Task to carry out
In the entries that follow, the first line to write out is the one containing "Anime Pokemon 1/20", and the last is the one containing "Landing page de". Reproduce that stretch exactly, with nothing before or after it.

Given records
####################

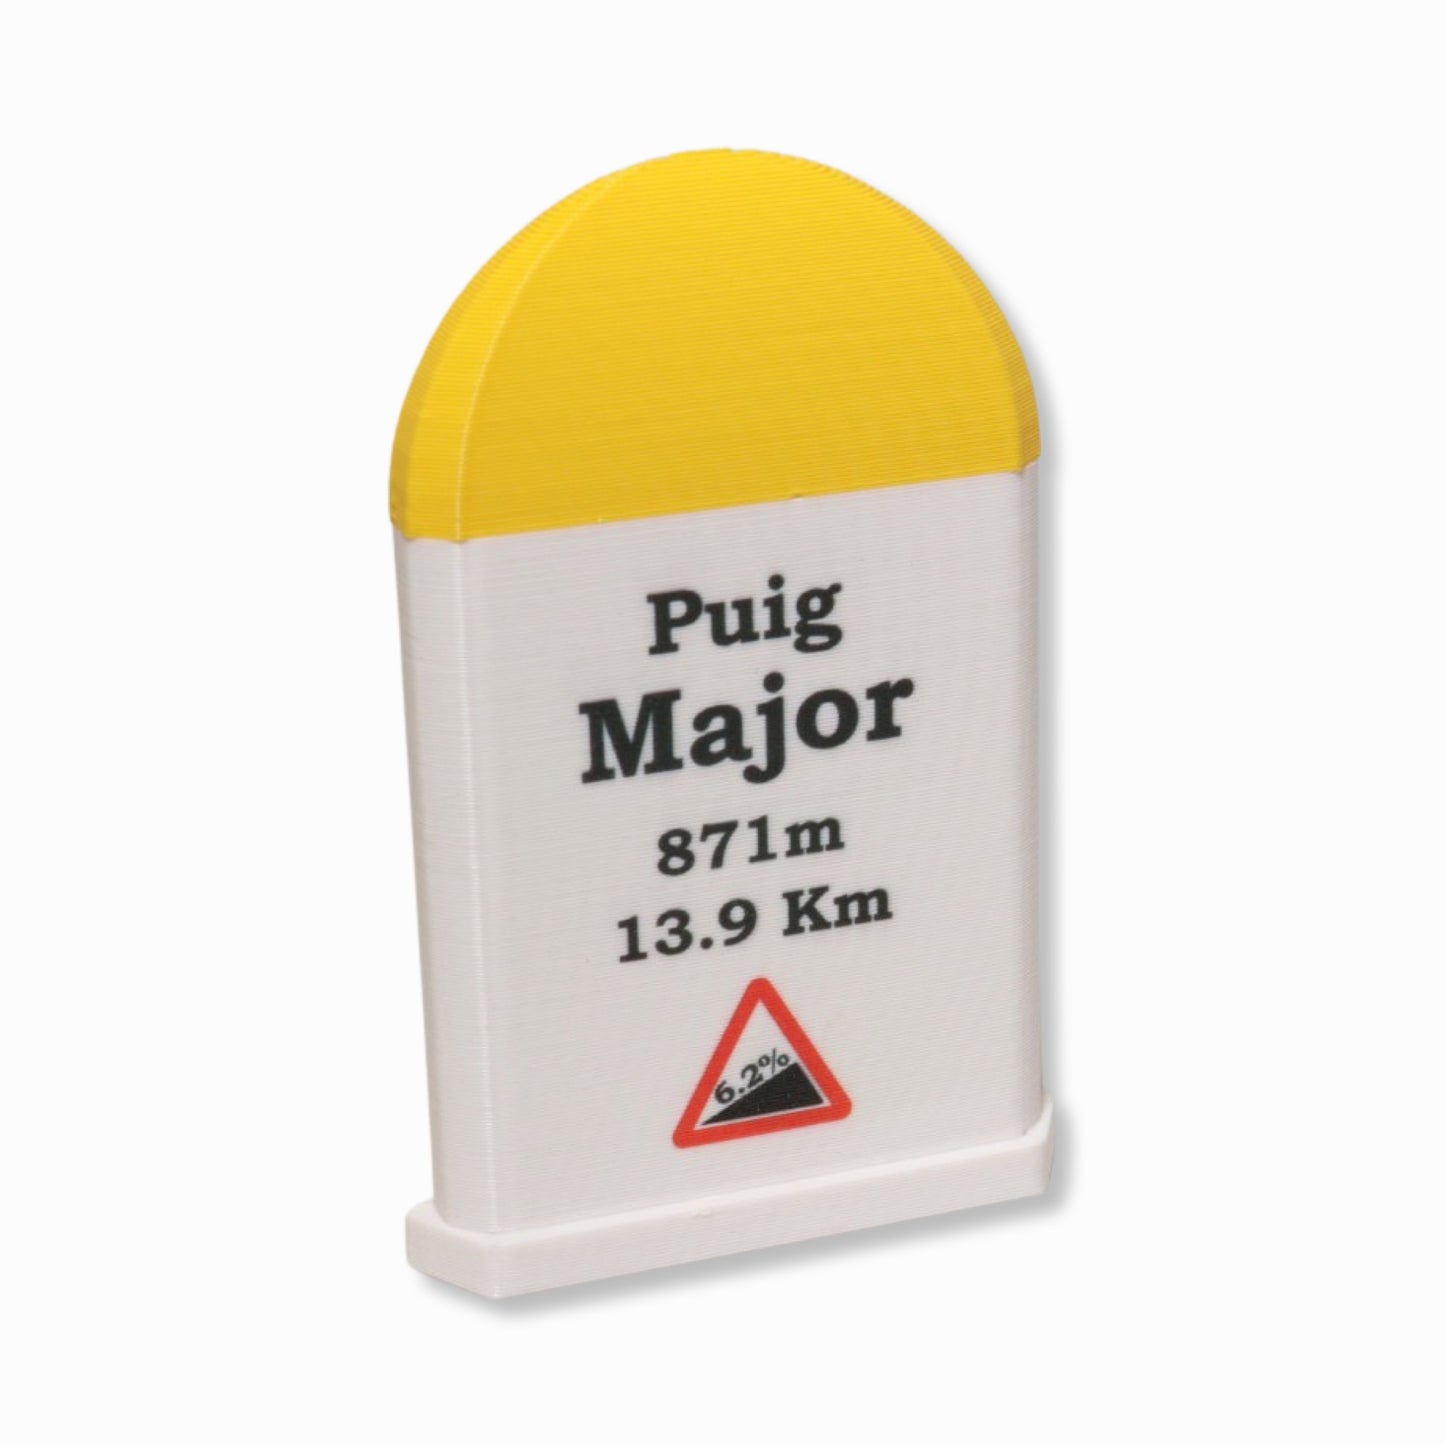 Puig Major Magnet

####################

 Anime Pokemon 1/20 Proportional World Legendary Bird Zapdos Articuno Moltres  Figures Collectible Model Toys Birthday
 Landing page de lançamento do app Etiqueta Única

####################

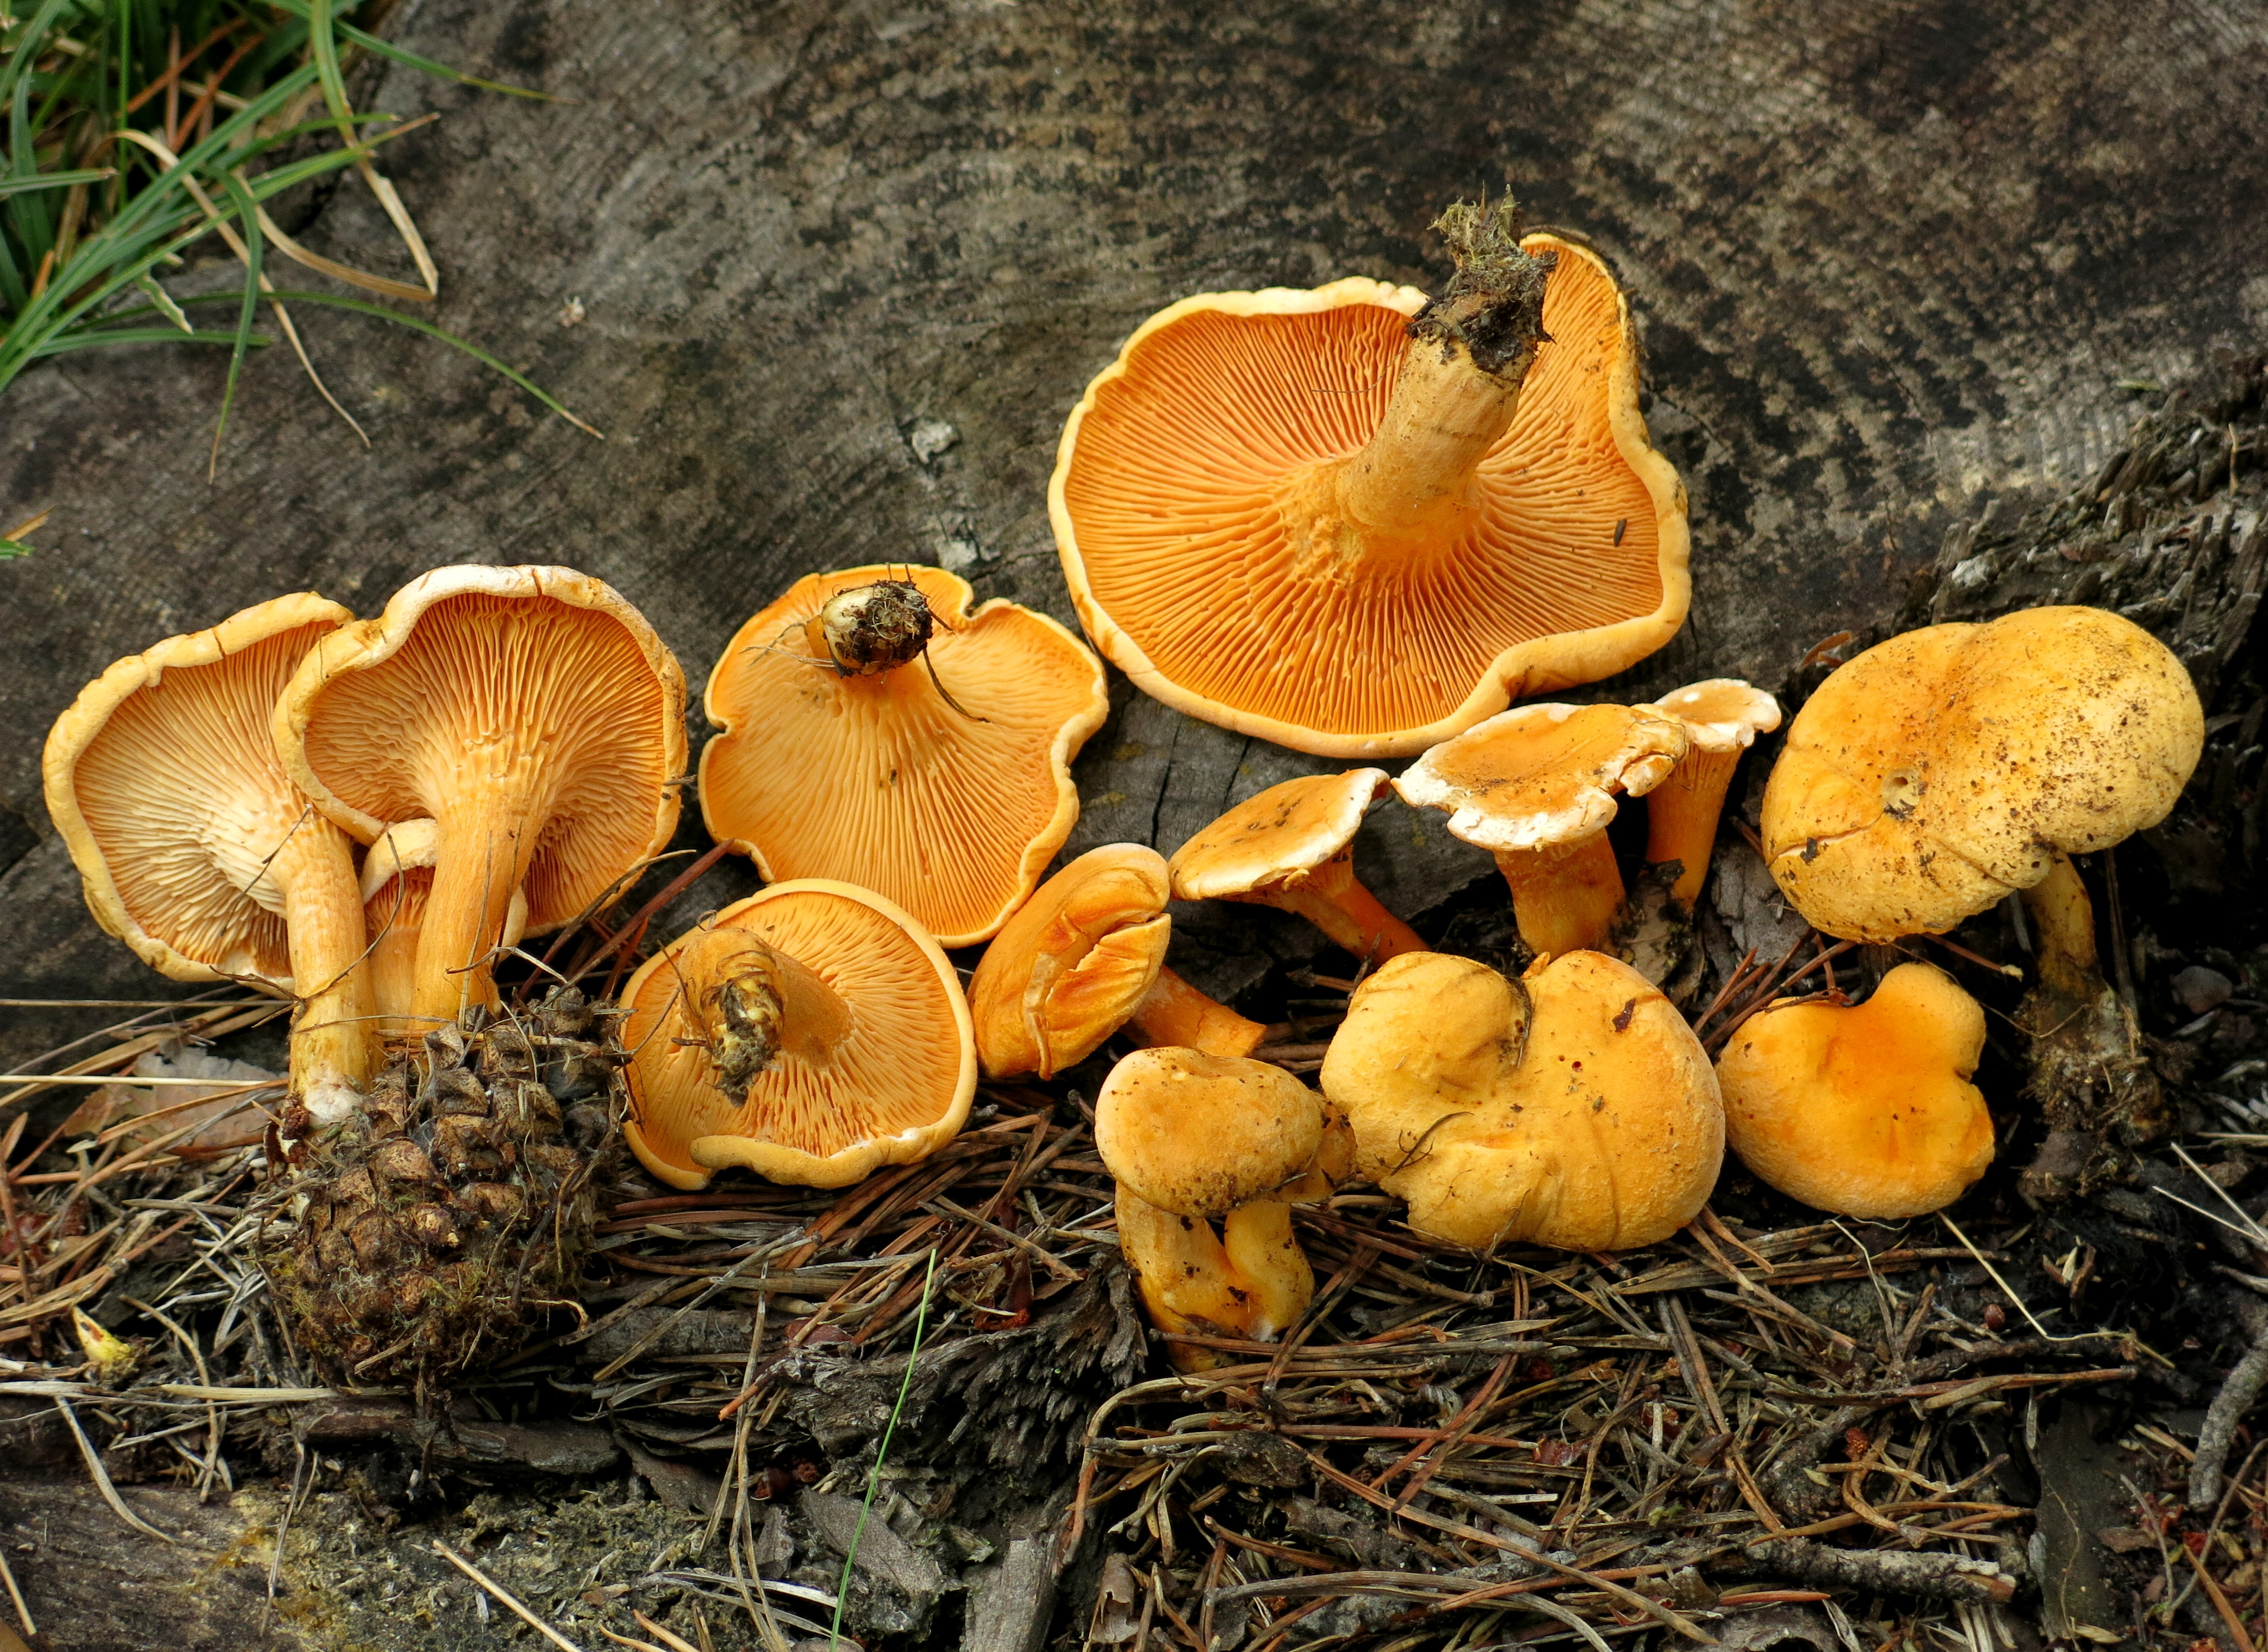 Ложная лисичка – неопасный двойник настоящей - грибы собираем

####################

Answer
 Anime Pokemon 1/20 Proportional World Legendary Bird Zapdos Articuno Moltres  Figures Collectible Model Toys Birthday
 Landing page de lançamento do app Etiqueta Única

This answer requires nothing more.